▸ Task goal
Nothing but the lines from the one containing "19980815_iMac" through the one containing "BAKU, AZERBAIJAN - JUNE", both included, should be given again, each exactly as written below.

▸ Supplied records
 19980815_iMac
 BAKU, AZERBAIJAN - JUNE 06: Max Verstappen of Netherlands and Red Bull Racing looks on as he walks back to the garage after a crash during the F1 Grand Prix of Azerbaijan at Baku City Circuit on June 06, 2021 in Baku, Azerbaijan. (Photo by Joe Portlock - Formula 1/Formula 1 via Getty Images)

...

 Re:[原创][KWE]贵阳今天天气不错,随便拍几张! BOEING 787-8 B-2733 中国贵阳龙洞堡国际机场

--

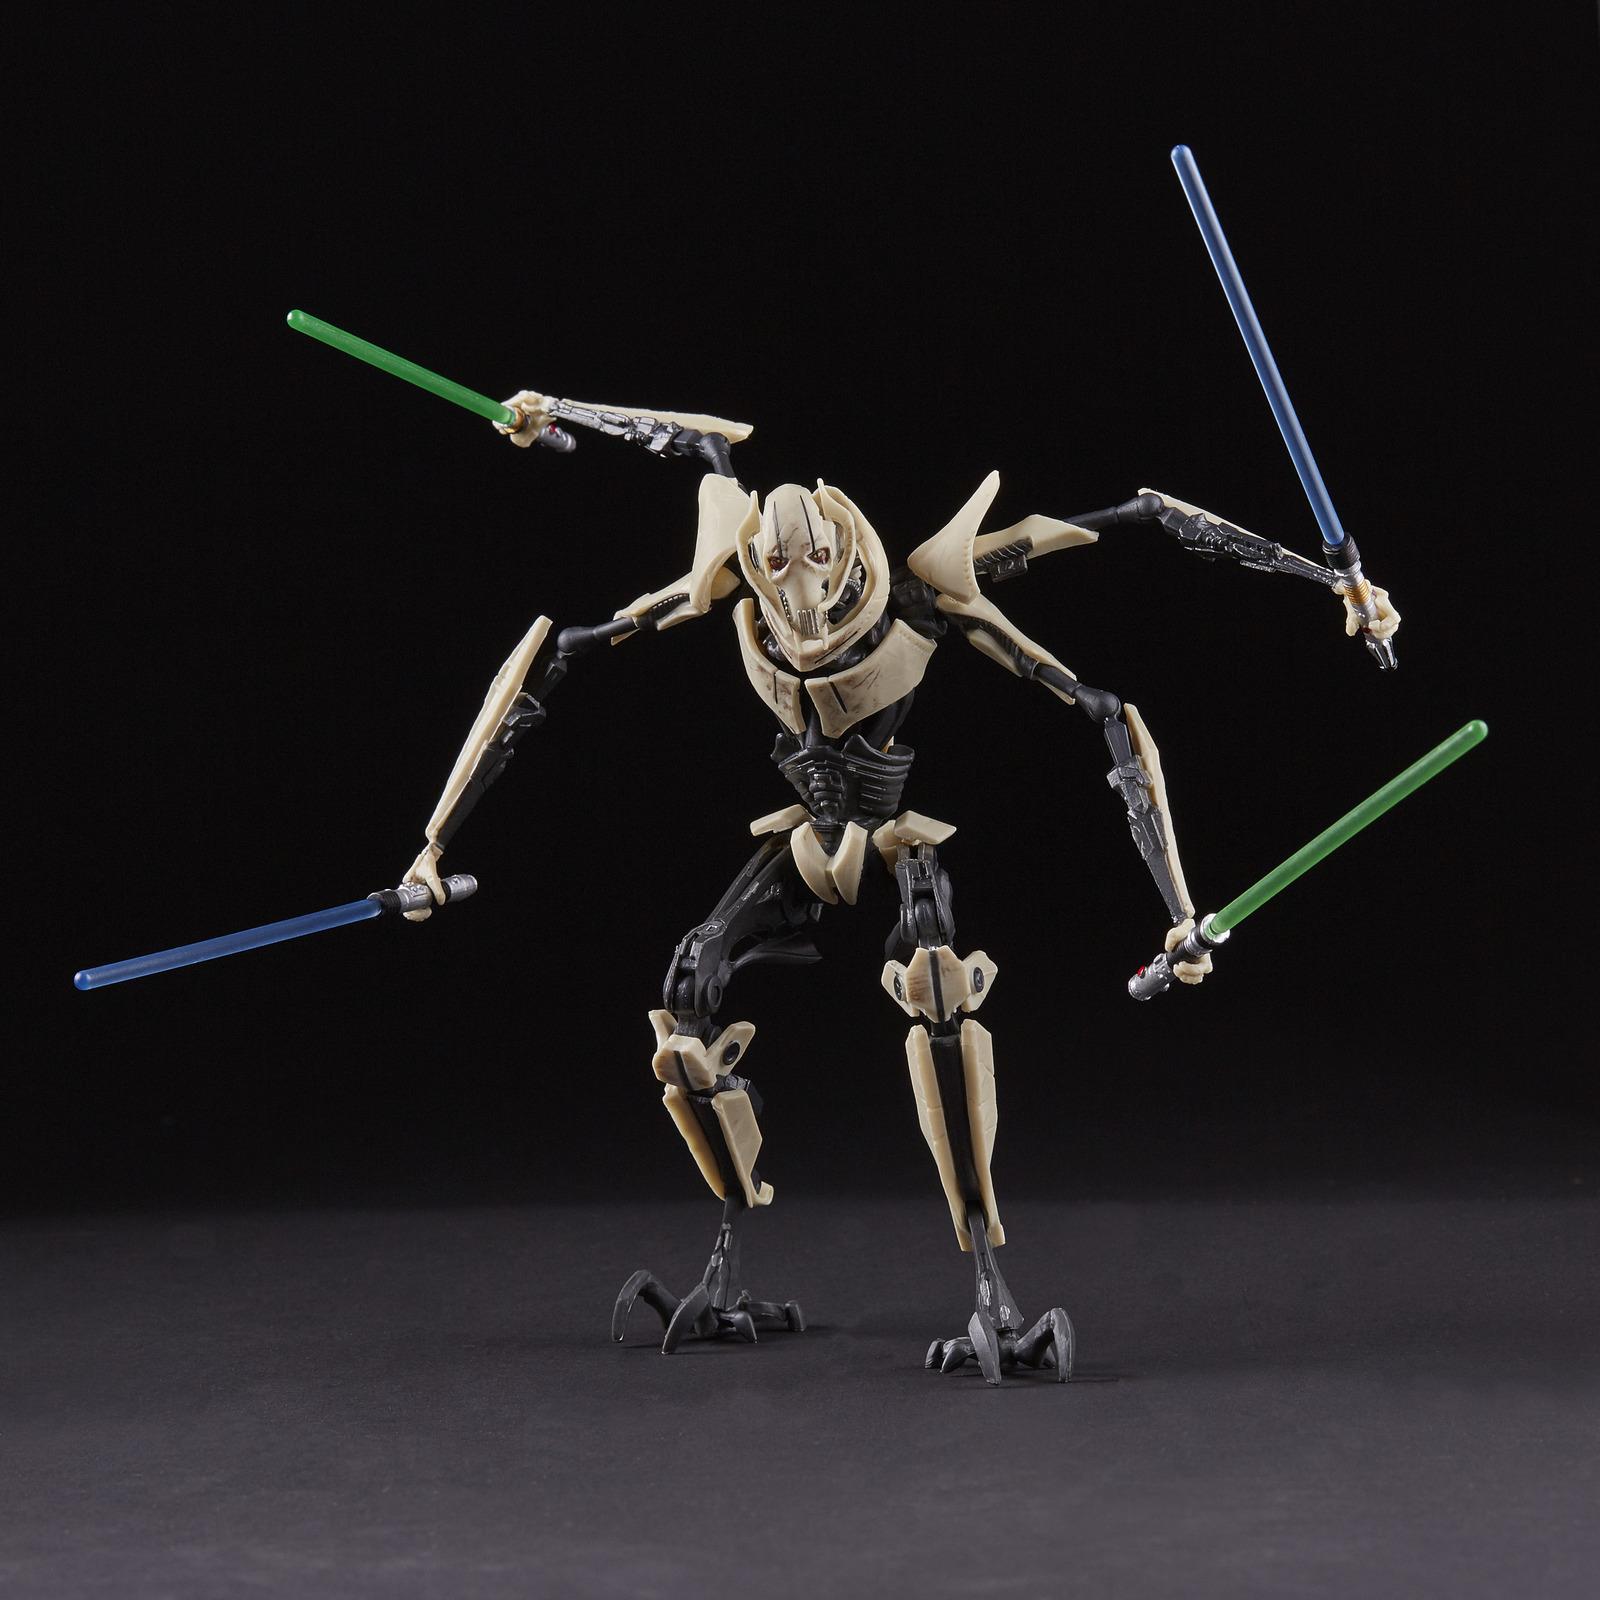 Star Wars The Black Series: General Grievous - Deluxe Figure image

▸ Exercise response
 19980815_iMac
 BAKU, AZERBAIJAN - JUNE 06: Max Verstappen of Netherlands and Red Bull Racing looks on as he walks back to the garage after a crash during the F1 Grand Prix of Azerbaijan at Baku City Circuit on June 06, 2021 in Baku, Azerbaijan. (Photo by Joe Portlock - Formula 1/Formula 1 via Getty Images)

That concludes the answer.